Introduction protocol


Safety

  • Genetic (ask for "wrapper of Form Z" for each new project - to describe GMOs
  • Chemical (corrosion, toxic)
  • Laser (mirrors, opening boxes, etc)

Booking

  • Log-book writing (can refer to formblatt Z excerpt/number)
  • Booking policies (website: 3 h slots, 4-wk in advance max)

Sample

What is your sample?

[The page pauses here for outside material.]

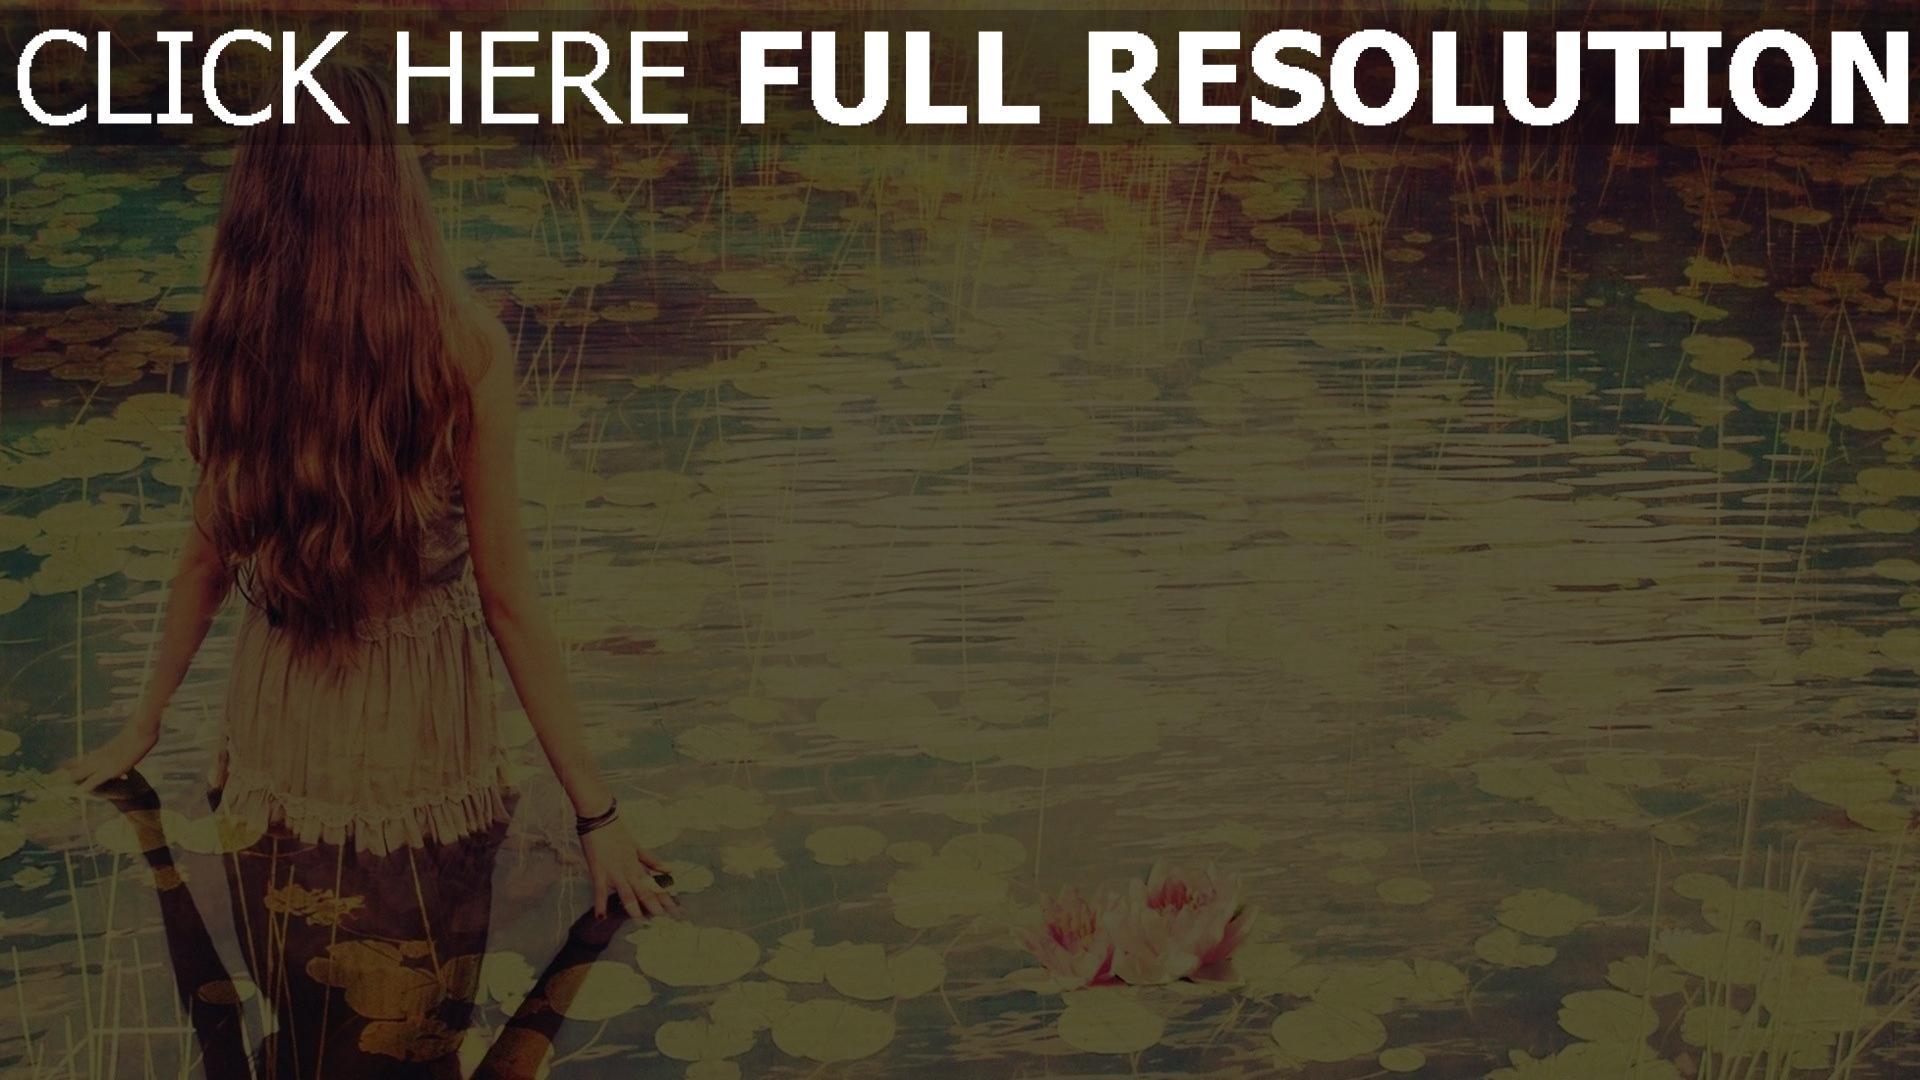 Herunterladen 1920x1080 Full Hd Hintergrundbilder Mädchen Wasser

What are you interested in visualising?

Incubator

  • we keep it at 21.5C, all the time (do not leave it open!)
  • other cooling: right-side of the table = 17C, 24/7 for the objective turret
  • leave coolings on

Switch-on

  • Pause between buttons, do you need the fluorescent lamp?

Log-in

  • TCS user - machine - DMI8 stage
  • Generally non-active (but optionally on):
  • Resonant scanner (greatly increase scan speed), STED (high resolution), AFC (adaptive focus control - good for keeping time course in focus)
  • Initialize table (for multiple locations imaging; raise microscope arm first, objectives go down automatically)

Working distance

The 100x objective, NA=1.40, works very close to the coverslip

Software - lasers

  • Laser config: STED vs. non-STED
  • Which lasers do we have? What do they do? WLL (pulsed, pick wavelength, gating), Argon (more powerful, fan cooling)
  • How to switch them off (especially Argon)
  • The fluorescent lamp needs at least 30 minutes between off-on

Touch panel

  • Objective switching, fluorecent light / cubes on-off, pick, transmitted light
  • Immersion of objectives: which one to choose?
  • Save positions using touch pad: working/safe positions. Careful not to crash automatically...

Rotary knobs

Rotary knobs on the touch pad and microscope - rotate away from you = move objective closer to sample

Table inlet

  • Is for fine z-adjustments, eg. active when xz-scanning
  • Do not lean on, or push down hard on!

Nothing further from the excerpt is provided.